Bespoke Post set up its first partnership with Diageo, the maker of premium spirits such as Tanqueray, Captain Morgan, Johnnie Walker, and Ketel One. Its February box had "all the tools you need to start a bar at home," including a bar spoon, shaker, strainer, jigger, and bitters. It also included several videos from expert mixologist Elayne Duke. The partnership aligns Bespoke Post's interests (in providing quality products to customers and its desire to sell more boxes) with a brand that wants to reach an audience to promote in-home usage. While Bespoke Post can't ship spirits, the educational component of teaching men to make high-end cocktails to encourage future purchases helped convince Diagio to partner, according to Szaronos.

The company also just launched its first media partnership, as their box will be featured in a spread of "Summer Essentials" in June's Details magazine. "The heart of the partnership is the box and what's going in it," said Doak Sergent, associate publisher of Details. "This is representative of Details's constant focus on innovating and piloting new concepts. For our readers it is showing that Details is new and interesting, and for advertisers, it lets them be innovative and puts them in the hands of a curated audience of guys who are affluent and style conscious." The spread (and box) will include a linen beach blanket, sunglasses, a beach game, and shampoo from Malin+Goetz.

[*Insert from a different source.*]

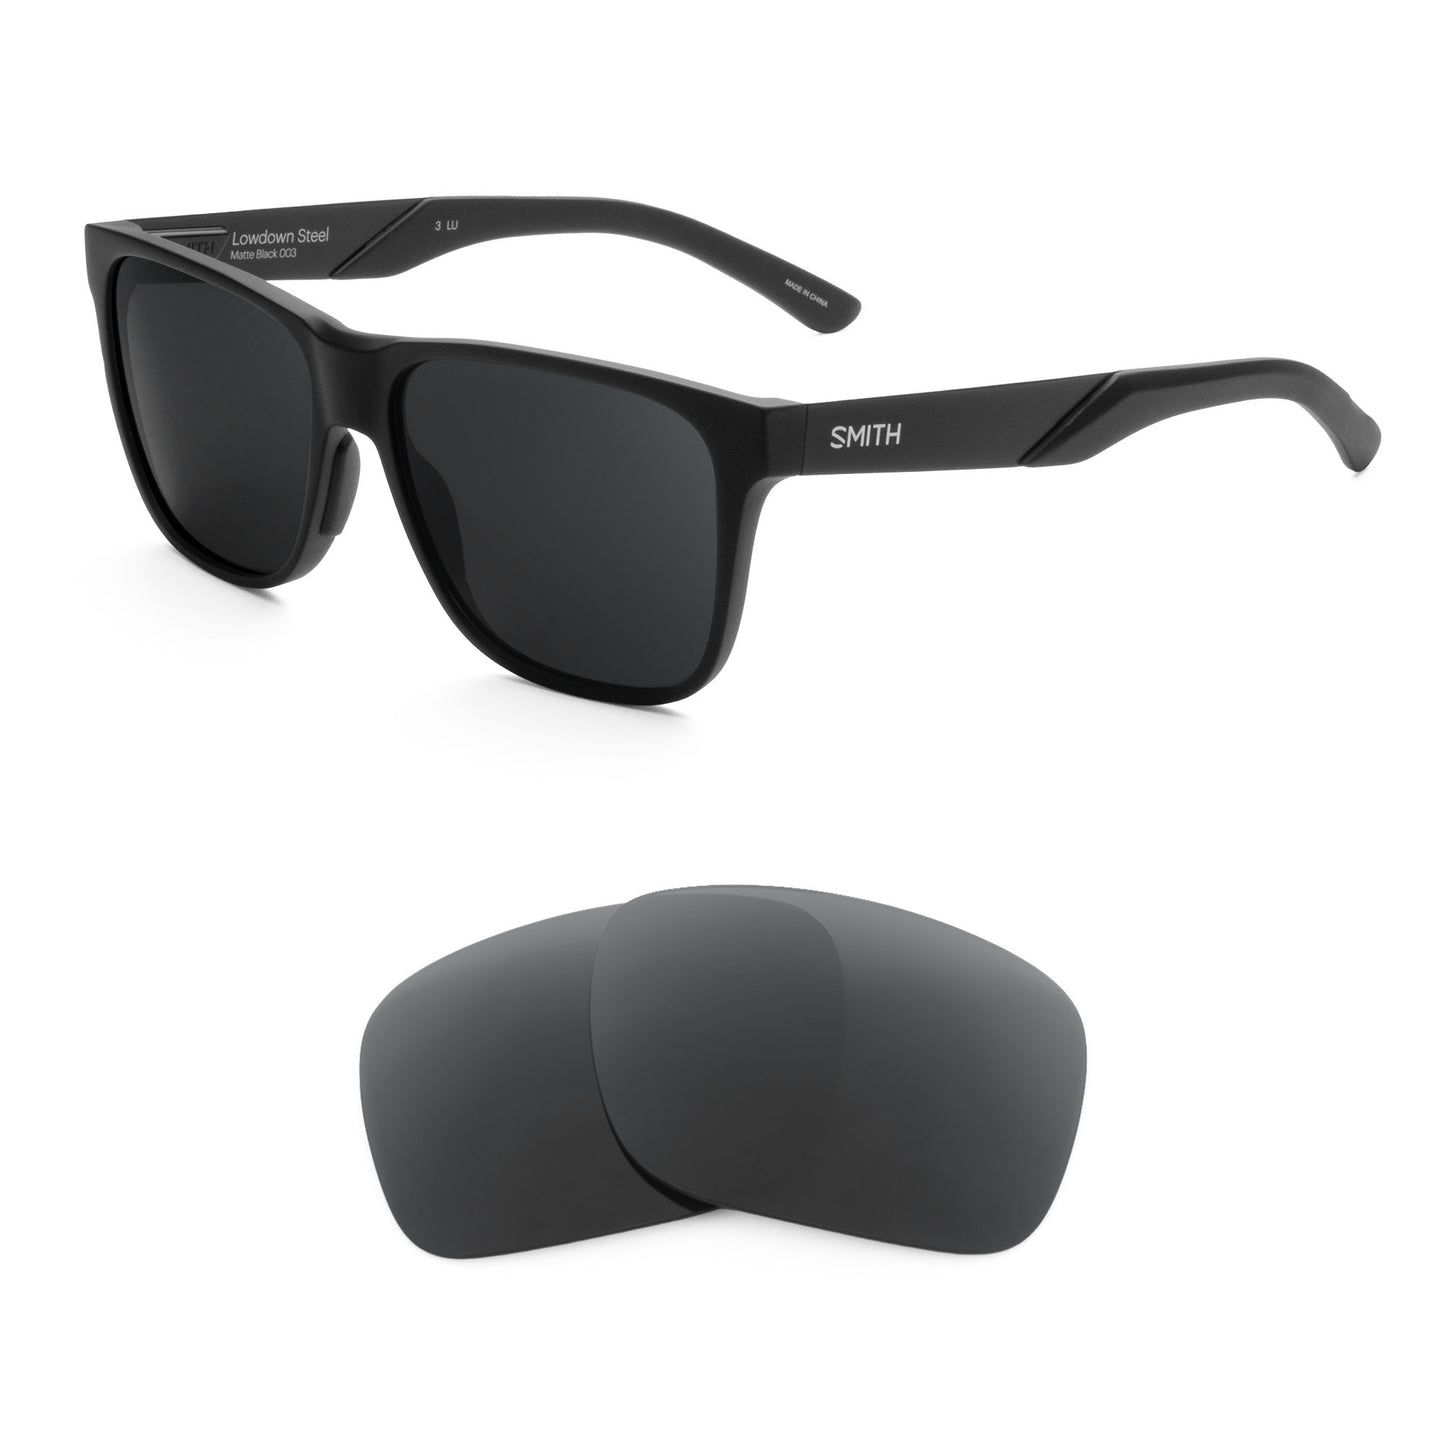 Smith Lowdown Steel sunglasses with replacement lenses

Selling a Large Company Requires Great Presentation

Why did Details take the pitch from Bespoke Post? "Presentation is everything–fake it until you make it," said Sergent. "The more put-together your materials are, if you have a mock-up or great visuals, that is really important. If you're in the start-up mode, you forget that in big companies people do things very fleshed out, and there may be tougher filters or higher hurdles than in your start-up."

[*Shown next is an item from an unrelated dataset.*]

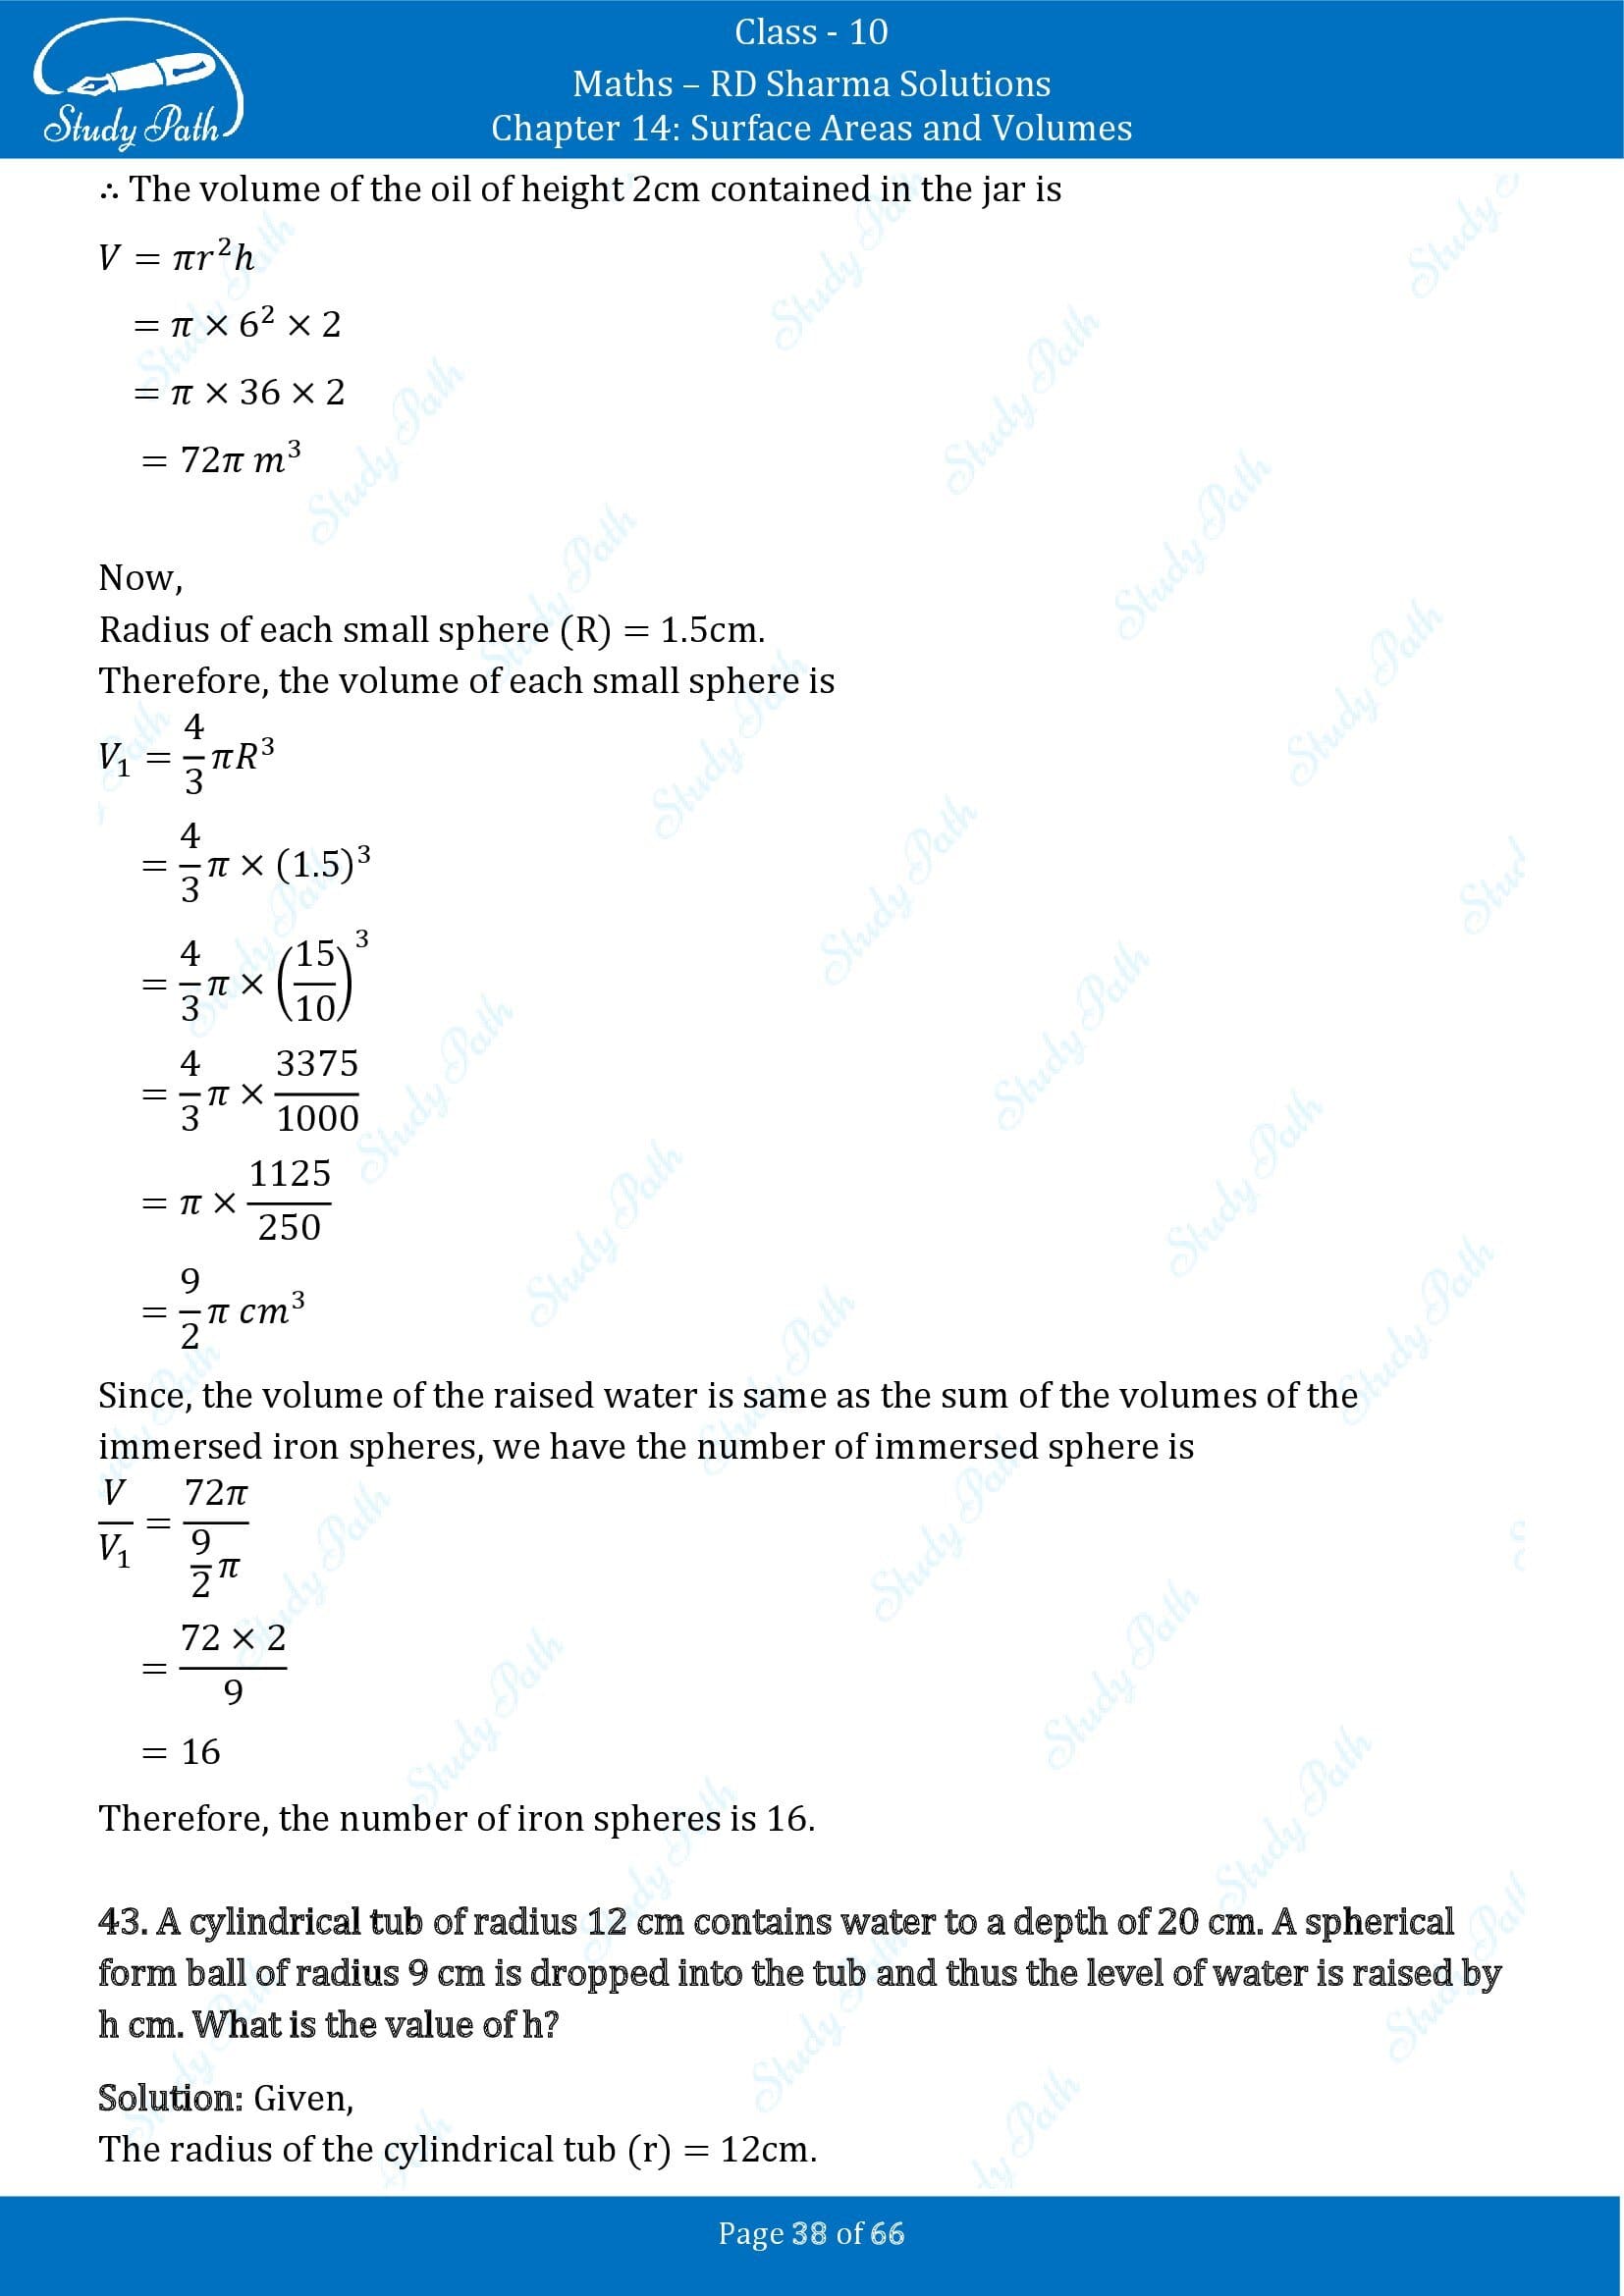 RD Sharma Solutions Class 10 Chapter 14 Surface Areas and Volumes Exercise 14.1 00038

He continued: "You may visualize your concept, but your picture is worth a thousand words. First impression is everything. And being able to articulate what you're doing concisely gives people confidence in your abilities and lends credibility."

Be Accommodating to the Larger Player

Parking Panda's goal is to help people find local parking from their phone or computer, and reserve spaces. It also helps property owners rent out their driveway or lot. Pricing varies based on proximity to destination.

"The original idea was AirBnB for parking, and no working with garages. But we realized we wouldn't get coverage of cities," according to co-Founder Adam Zilberbaum. The business model itself has matured, and now Parking Panda works with partners such as Federal Parking, a 15-year-old parking and transportation management firm in Maryland and Washington, D.C.

How did Parking Panda sell Federal Parking on the concept? "We did it as a pilot in one garage, and there were obstacles, but Parking Panda was good about hearing us out and tackling the concerns. Our different garages have different systems for entry and exit, and they did work to accommodate that special need," said Douglas Logue, Federal's general manager for Baltimore.

Logue sees Parking Panda as part of the youthful "trend of Groupon or LivingSocial-type services. Drivers buy online ahead of time and save a few dollars, and it provides us a new revenue stream." Federal Parking's direct access to Parking Panda's founders, as well as great flexibility on the part of the start-up, were additional factors in deciding to work together. "You can tell a lot about the kind of company and kind of people when you're dealing with the principals," Logue says.

The Best Game is One in Which Everybody Wins

"It has turned successful fast," said Logue. "Our clients can pre-pay on our own site, but Parking Panda is just a complimentary way of getting the word out. Free advertising for them and for us." Today, the companies work together at four parking locations.

Bespoke Post has also enabled the win-win. Since working with Details, Szaronos says: "Shipment volume is starting to get bigger and we are able to prove our value. For us, it helps give us legitimacy. We have a head mixologist who travels the world and we are bringing her to our customers–that lends us credibility."

What's more: Bespoke Post reported 200% growth last month, following solid growth each month since it has started. How's Parking Panda doing? It has just announced plans to expand into Philadelphia and San Francisco.